Many industries over a period of time get fragmented. In my experience, fragmentation can lead to fierce competition and also a weak bargaining position with customers and suppliers. To cope with low profitability, strategic positioning is of crucial significance.
Facebook entered the mobile advertising landscape when the industry was already filled with a lot of players. In this environment, it aimed to become one of the most successful firms. Now almost going head to head with Google.
Still, every industry is different, there is no generalized method for competing in a fragmented industry. Based on my experience, marketing departments, play a big role in determining which customer type, category type, type of order, the geographic market can provide a strategic position.

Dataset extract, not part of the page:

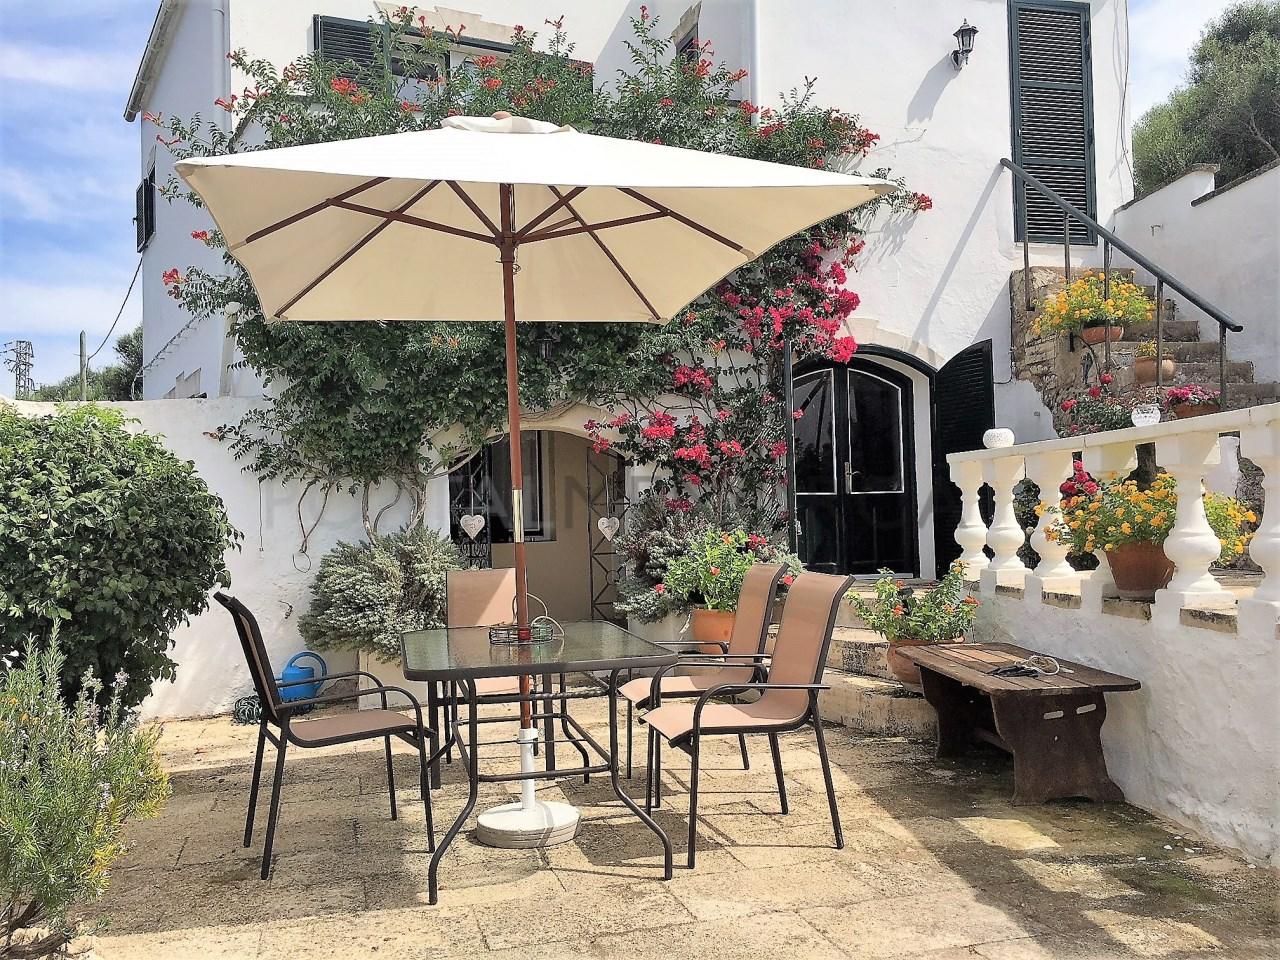 Las Ramblas courtyard 2018 (2)

Here are some commonly used strategies:
- Specializing by Customer Type:
In retail competition is intense, Ross department stores specialize in a particular category of customer, a customer who is price sensitive and desire to shop for branded goods.
- Specializing by Type of Order:
One approach is to serve only small orders for which customers want immediate delivery and is less price sensitive. Doordash and Uber Eats are examples where this differentiates them from good old “Chinese delivery”

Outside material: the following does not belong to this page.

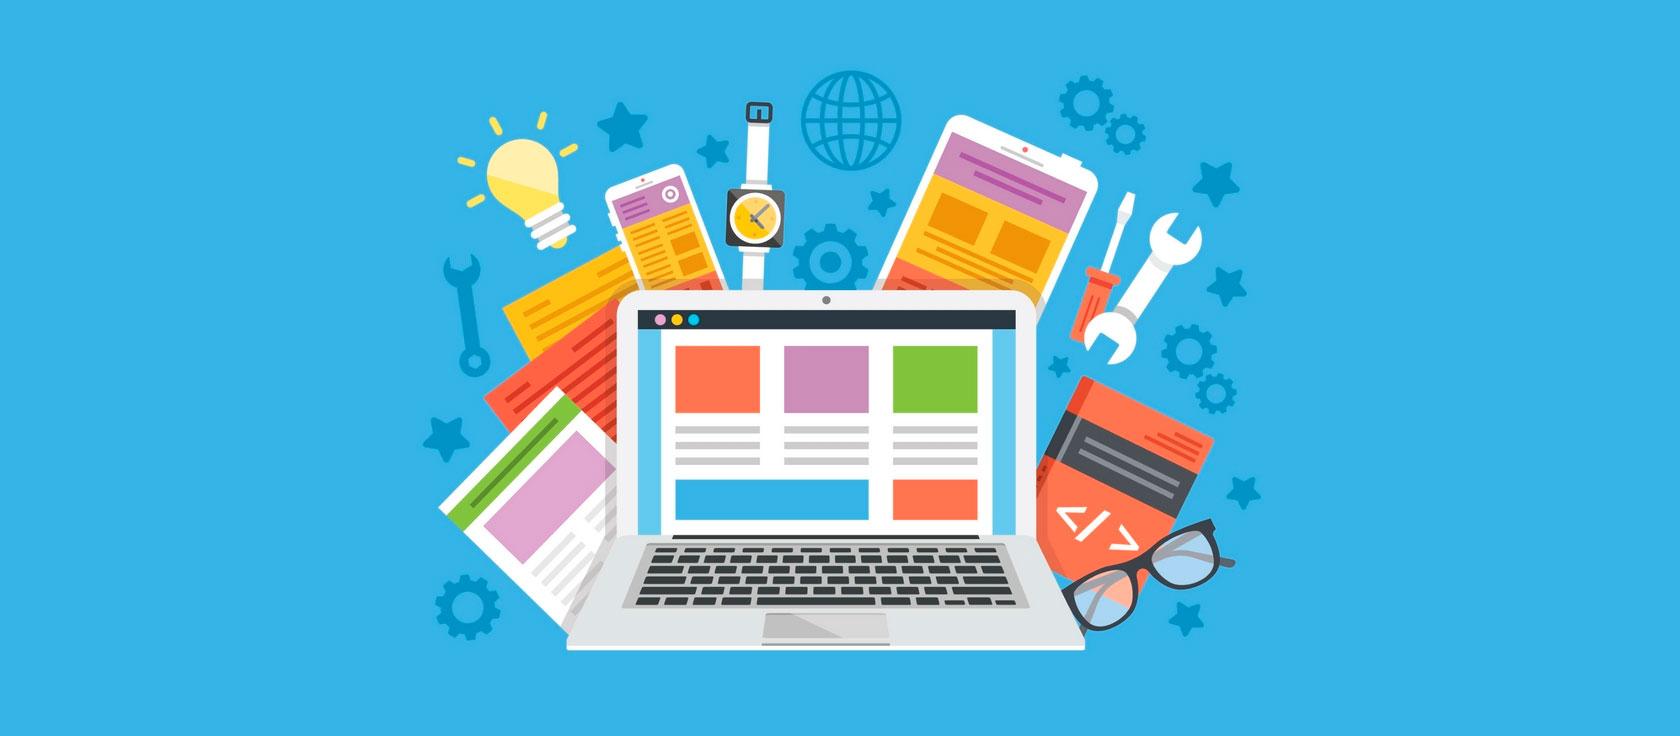 Diseñamos tu sitio web | Expertos en diseño web y posicionamiento

- A focussed geographic area:
There may be substantial economies by concentrating in a given geographic area. The blanketing strategy has been quite effective for food stores, which remain fragmented industry in spite of some large national chains. Niche Asian grocery stores in geographies with a large population of Asians in the US are good examples of this strategy.
If the chances of overcoming fragmentation are unfavorable, it becomes harder to get attractive returns and create a defendable position. So, this creates the next wave of innovation as entrepreneurs look for how to alter the industry and is the basis of technological predictions and forecasting.